Characteristics of bacterial regulatory small RNAs
Jan. 30, 2020 13:30 - 15:00
C210-212, Yokohama Central Research Building
Faculty of Pharmaceutical Sciences, Suzuka University of Medical Science
Regulation at post-transcriptional steps allows new pathways to cross-regulate genes independently of the transcriptional signals for those genes. Regulatory small RNAs (sRNAs), which act as a post-transcriptional regulator, are transcribed under specific physiological/stress conditions. The sRNAs interact with mRNAs by base-pairing, resulting in changes in the translation and stability of the target mRNAs. In gram-negative bacteria, the base-pairing is facilitated in general by the RNA chaperon Hfq.

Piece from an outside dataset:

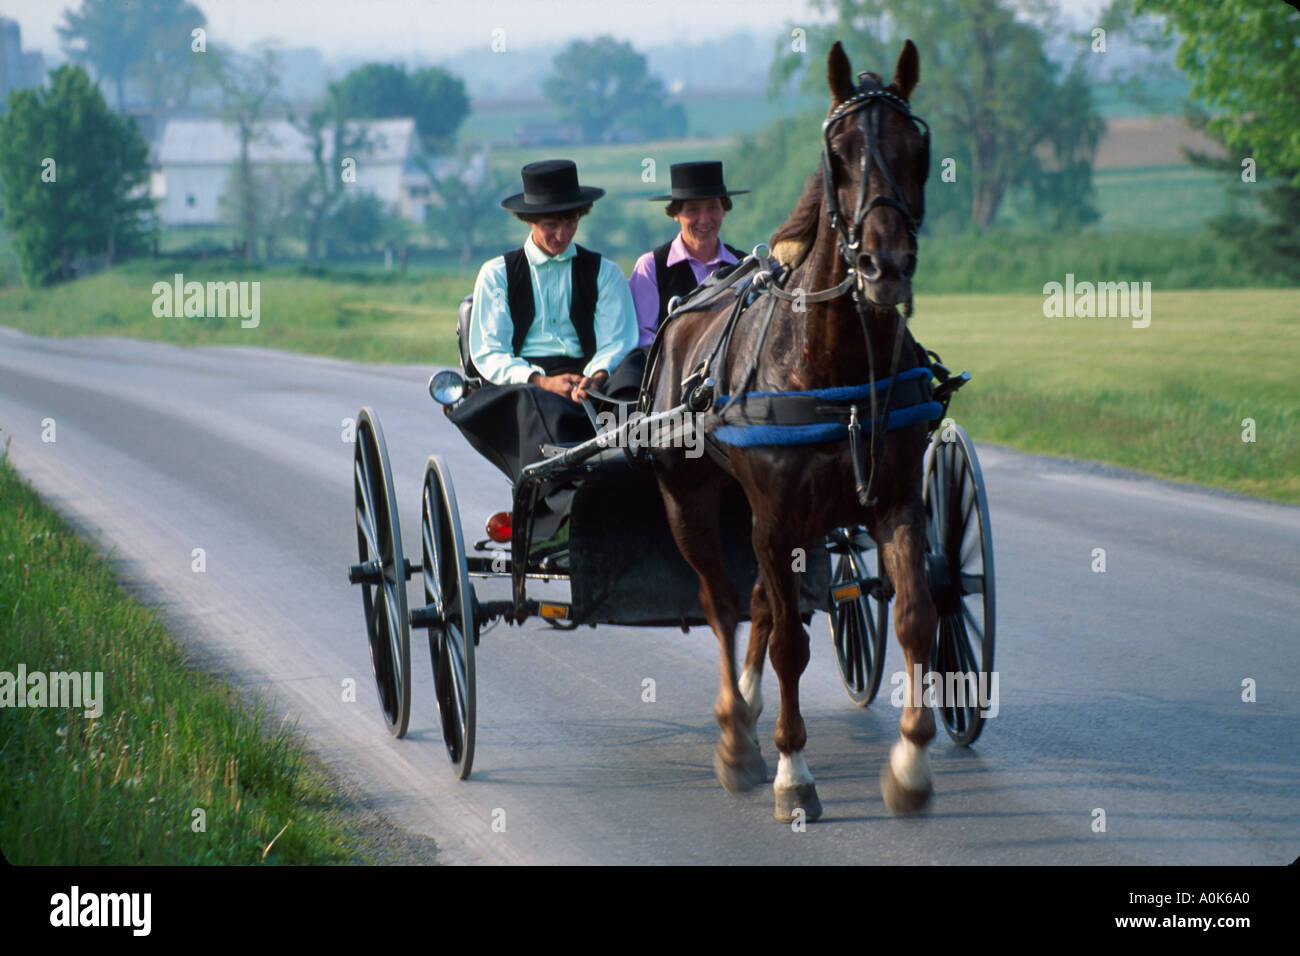 Pennsylvania Strasburg Amish Dutch Mennonite,teen teens teenager teenagers youths,ride riding horse-drawn buggy wagon,transportation country rural roa Stock Photo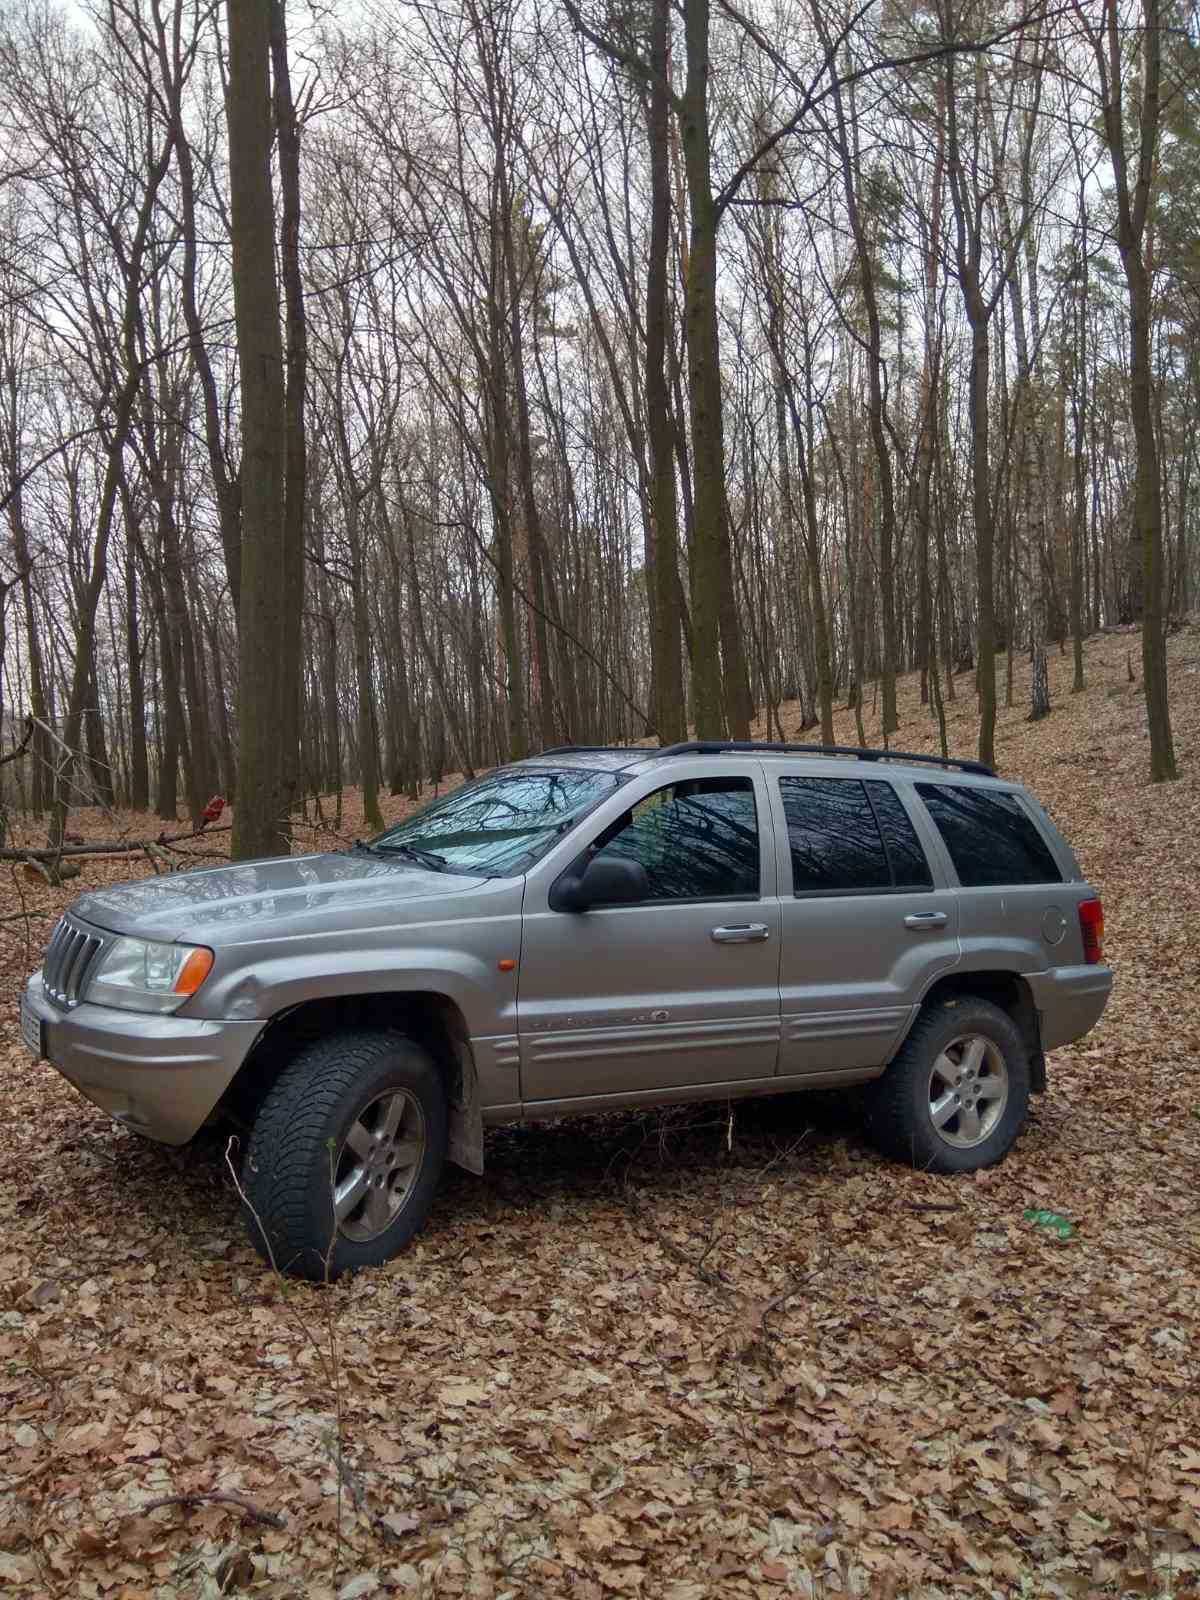 Продам Jeep Grand Cherokee WJ 2002 V8 4.7 HO Overland. Газ/бензин.

E. coli sRNAs are around 100 nucleotides in length, and contain at least two functional regions, an mRNA base-pairing region and an Hfq-binding region essentially overlapping with a Rho-independent terminator sequence. The base-pairing region is partially complementary to the translation initiation region of target mRNAs. The sRNA-mRNA base pairing leads mostly to inhibition of translation of target mRNAs. The Hfq-binding region of the sRNAs consists of a polyU tail and a U-rich sequence immediately upstream of stem loop structure. The polyU tail must be longer than seven for the Hfq-binding. Both the 3'-extended transcripts resulting from read-through and the 3'-shortened transcripts resulting from premature termination no longer function as sRNAs. Discussion will focus on new insights into roles of stem loop structure in Rho-independent terminators of sRNAs.